Answer: The five equations characterising the flow of traffic on the network are \[\begin{align*} x_1 + x_2 &= 30\\ x_2 + x_3 &= 100\\ x_3 + 20 &= x_4\\ x_4 + 10 &= x_5\\ 100 + x_1 &= x_5 \end{align*}\] the first four coming from conservation of flow in and out of each node and the last coming from the total flow in and out of the network. Which can be placed into augmented matrix form as \[ \left(\begin{array}{c c c c c |c} 1 & 1 & 0 & 0 & 0 & 30\\ 0 & 1 & 1 & 0 & 0 & 100\\ 0 & 0 & -1 & 1 & 0 & 20\\ 0 & 0 & 0 & -1 & 1 & 10\\ -1 & 0 & 0 & 0 & 1 & 100\end{array}\right), \] which is already not far from echelon form. Due to the simple nature of the matrix, the bottom row can be eliminated with the following operations \[ R_5 \rightarrow R_5 + R_1 - R_2 - R_3 - R_4\\ \left(\begin{array}{c c c c c |c} 1 & 1 & 0 & 0 & 0 & 30\\ 0 & 1 & 1 & 0 & 0 & 100\\ 0 & 0 & -1 & 1 & 0 & 20\\ 0 & 0 & 0 & -1 & 1 & 10\\ 0 & 0 & 0 & 0 & 0 & 0\end{array}\right). \] Now, to move to reduced echelon form \[ R_3 \rightarrow -R_3,\ R_4 \rightarrow -R_4\\ \left(\begin{array}{c c c c c |c} 1 & 1 & 0 & 0 & 0 & 30\\ 0 & 1 & 1 & 0 & 0 & 100\\ 0 & 0 & 1 & -1 & 0 & -20\\ 0 & 0 & 0 & 1 & -1 & -10\\ 0 & 0 & 0 & 0 & 0 & 0\end{array}\right). \]
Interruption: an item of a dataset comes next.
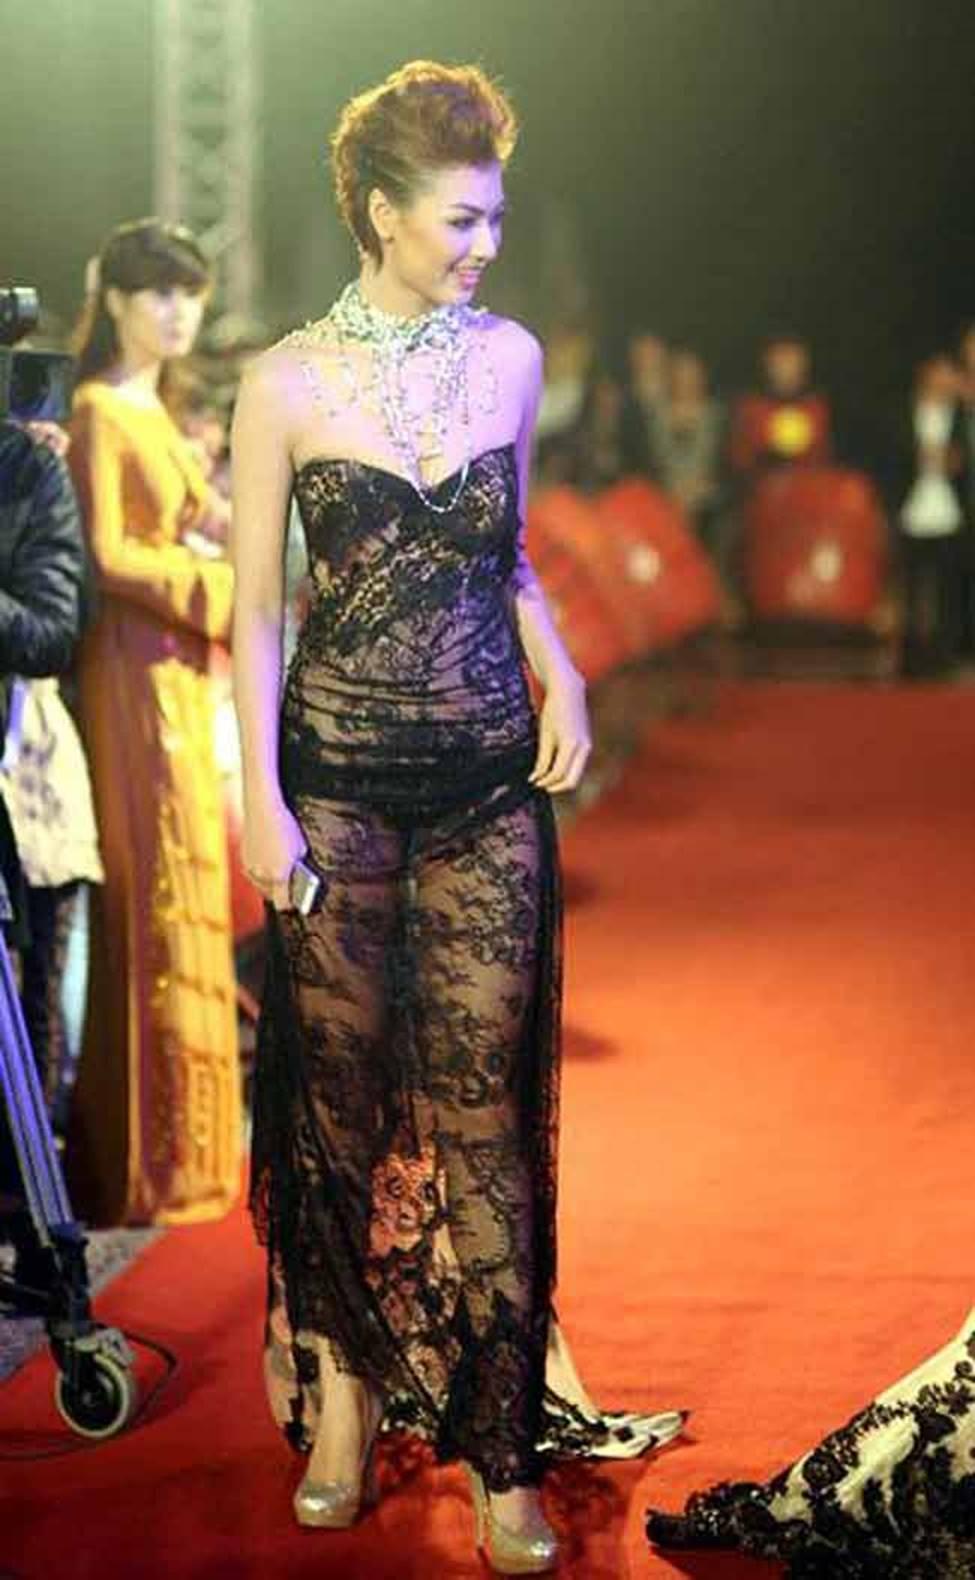 Sau khi trở lại, Hồng Quế vẫn liên tiếp gây ồn ào với cách ăn mặc gái hư-9
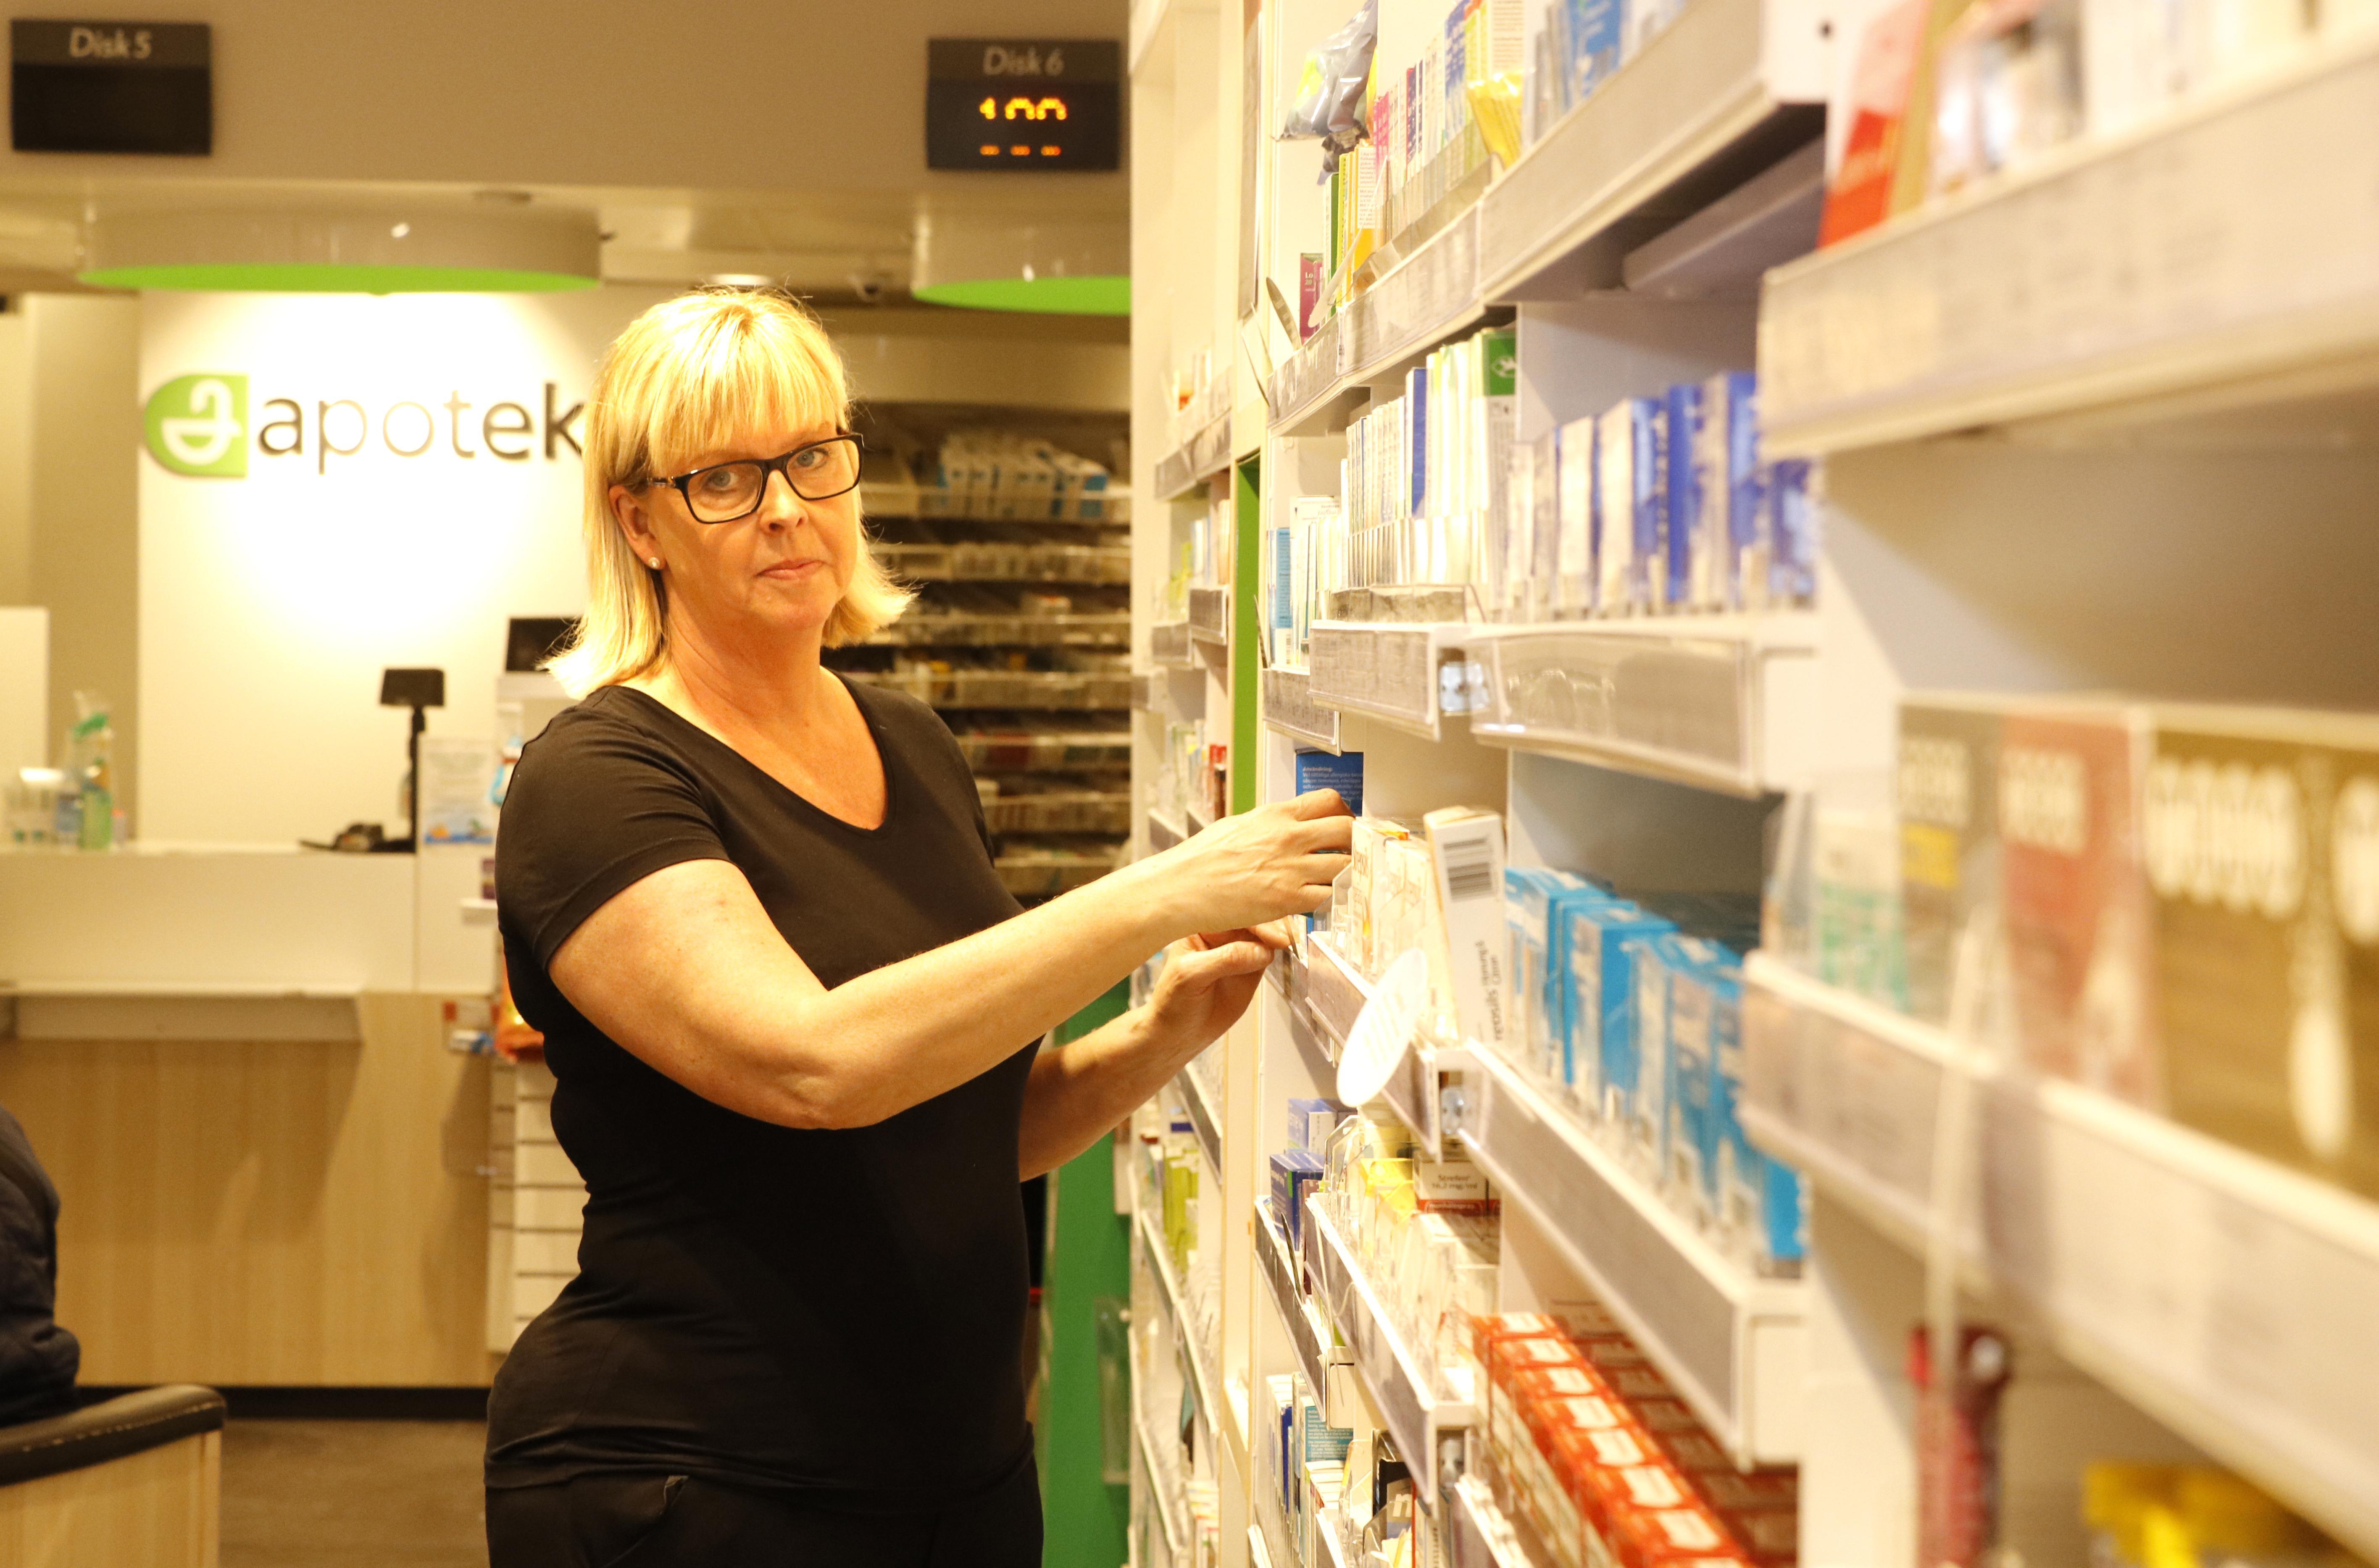 Tina Sandell har varit allergisk mot pollen i 20 år. Men tack vare att ha provat många olika mediciner, och kombinationer av mediciner, har hon hittat en kur som hjälper.

\[ R_3 \rightarrow R_3 + R_4\\ \left(\begin{array}{c c c c c |c} 1 & 1 & 0 & 0 & 0 & 30\\ 0 & 1 & 1 & 0 & 0 & 100\\ 0 & 0 & 1 & 0 & -1 & -30\\ 0 & 0 & 0 & 1 & -1 & -10\\ 0 & 0 & 0 & 0 & 0 & 0\end{array}\right)\\ R_2 \rightarrow R_2 - R_3\\ \left(\begin{array}{c c c c c |c} 1 & 1 & 0 & 0 & 0 & 30\\ 0 & 1 & 0 & 0 & 1 & 130\\ 0 & 0 & 1 & 0 & -1 & -30\\ 0 & 0 & 0 & 1 & -1 & -10\\ 0 & 0 & 0 & 0 & 0 & 0\end{array}\right)\\ R_1 \rightarrow R_1 - R_2\\ \left(\begin{array}{c c c c c |c} 1 & 0 & 0 & 0 & -1 & -100\\ 0 & 1 & 0 & 0 & 1 & 130\\ 0 & 0 & 1 & 0 & -1 & -30\\ 0 & 0 & 0 & 1 & -1 & -10\\ 0 & 0 & 0 & 0 & 0 & 0\end{array}\right). \] Here, \(x_5\) is a free variable, let’s call it \(\alpha\). This means that the solutions for \(x_1,x_2,x_3,x_4,x_5\) are \[ \begin{align} x_1 &= \alpha - 100\\ x_2 &= 130 - \alpha\\ x_3 &= -30 + \alpha\\ x_4 &= -10 + \alpha\\ x_5 &= \alpha\ . \end{align} \] The requirement for non-negative flows of cars means that \(100\leq \alpha \leq 130\), hence \(0\leq x_1 \leq 30\) and \(100 \leq x_5 \leq 130\). This is reasonable since \(x_5\) can never be lower than the 100 flowing into the network on the left, and any contribution from \(x_1\) must also leave via \(x_5\).